10 May 2011 – This month’s Real Food Festival featured over 400 carefully selected food and drink producers. Unlike other events the festival focuses on even the smallest of producers with an emphasis on organic, locally produced and sustainable goods.

More and more people are really starting to care about where their chocolate comes from and to understand why their food choices matter, not just to their health, but to the community and our natural environment. This belief was highlighted by a number of chocolate companies who exhibited, including Auberge du Chocolat who was showcasing their new range of single origin bars and Original Beans, who include a unique tracking number with each chocolate bar they make. Customers can type this number in on the company’s website and find out where the bar was produced in addition to being able to read about Original Beans’ conservation efforts at this rainforest or origin.

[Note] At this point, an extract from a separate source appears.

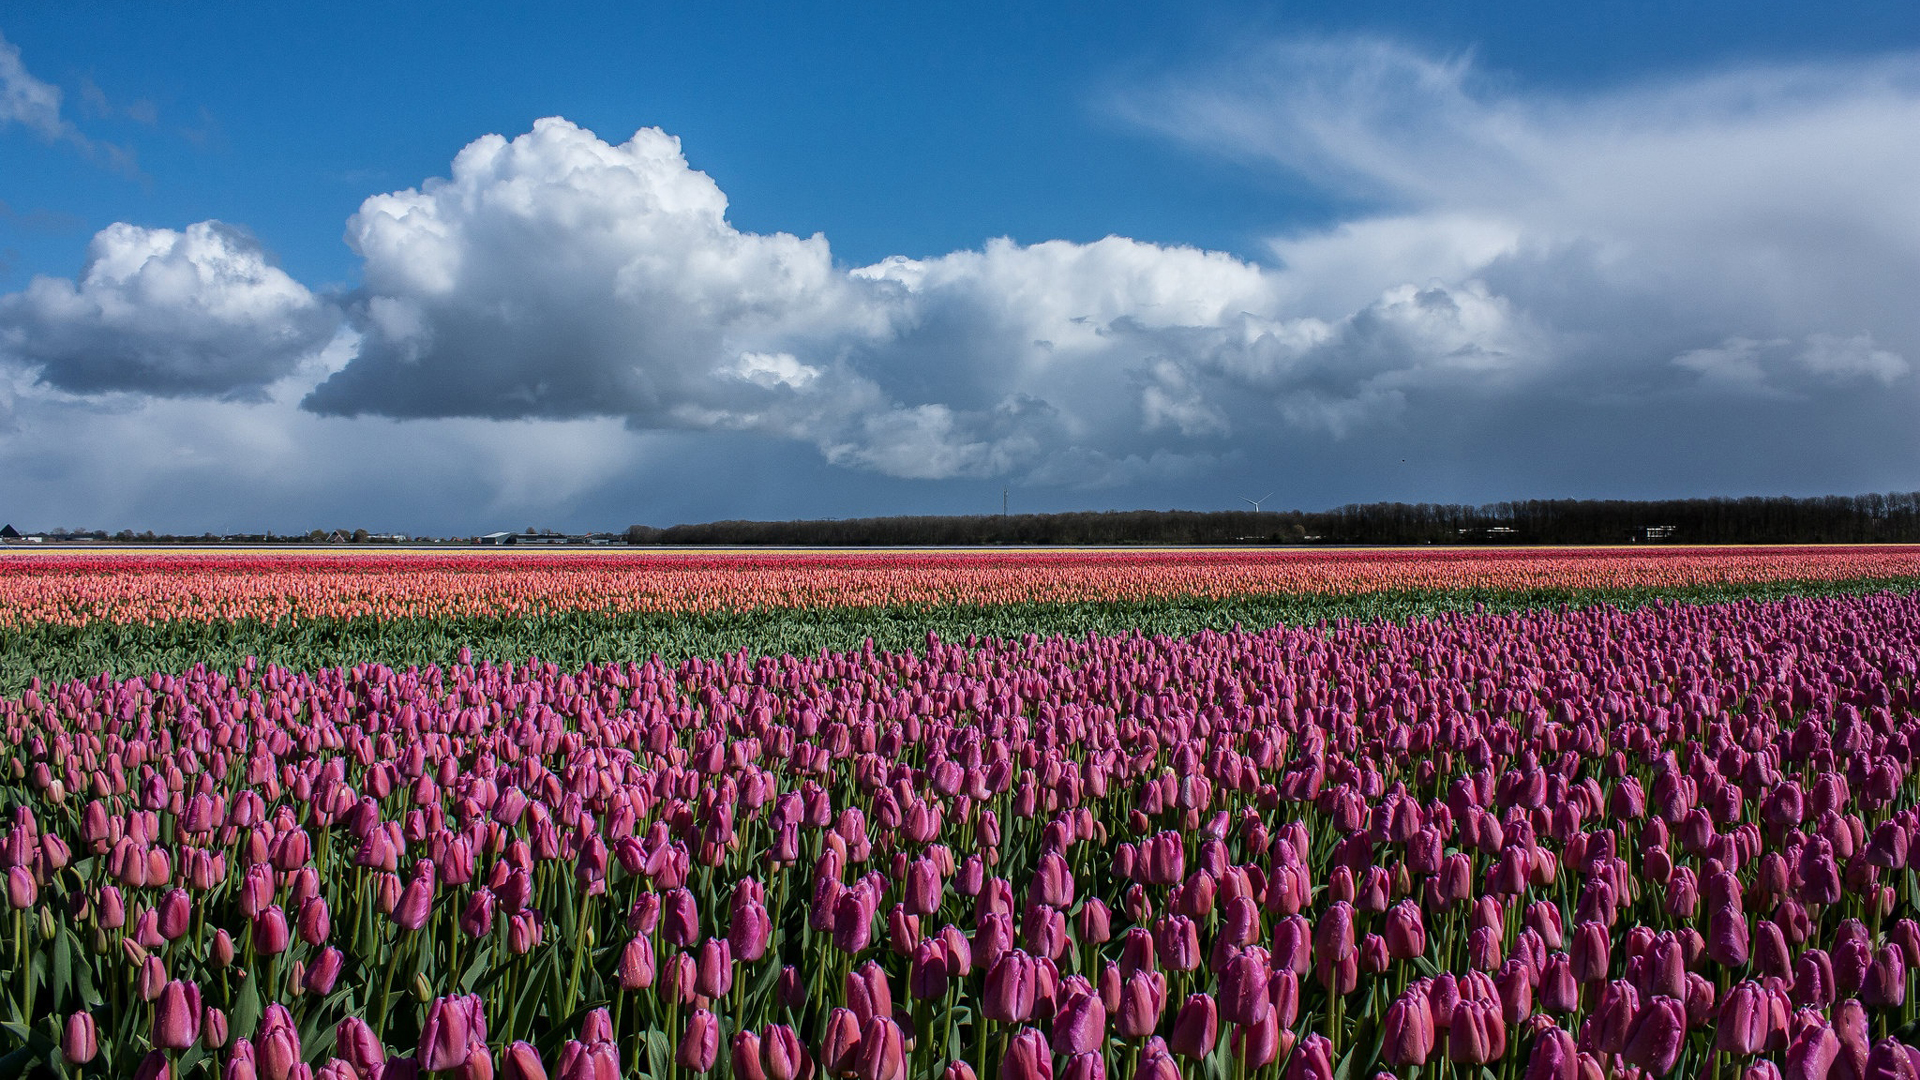 Pink Tulip Flowers Field Garden Under White Clouds Blue Sky During Daytime 2K Flowers

All of the chocolates on show tasted absolutely gorgeous. It is not surprising that many of the companies had received awards from the Academy of Chocolate this year. Auberge du Chocolat won four awards including a silver award for its cranberry and vodka ganache and a bronze award for its salty nutty caramel ganache; Baruzzo Fine Italian Chocolate won a silver award for its 70% quinche chocolate; Jaz & Jul’s won a gold award for its caramel and lime flavoured hot chocolate; Niko B Organic chocolates won a Bronze award for its Honey Nougat, and finally, Original Beans won a gold award for its packaging.

Also present at the show was Willie Harcourt-Cooze, who I had met up with earlier in the month, when he relocated his factory from Devon to London for the day. Harcourt-Cooze was the star of a Channel 4 documentary ‘Willie’s Wonky Chocolate Factory’ – in 2008, which was followed in 2009 by a second series; ‘Willie’s Chocolate Revolution: Raising the Bar’. Harcourt-Cooze was at the festival representing his company, El Tesoro. He has been farming cacao for more than a decade at Hacienda El Tesoro, his farm high in the mountains of Venezuela. His cacao bars are made from beans selected from the very best cacao regions around the world. The bars are all single bean origin of exceptional quality, each bar representing the natural flavour of the region. At the show Harcourt-Cooze showcased some of the latest additions to his Delectable range.

It was not only chocolate companies that exhibited, but also other confectionery companies such as Loopy Lisa’s Fudge; Stoats Porridge Bars; Cupcake-a-licious and the Sweet Tooth Factory.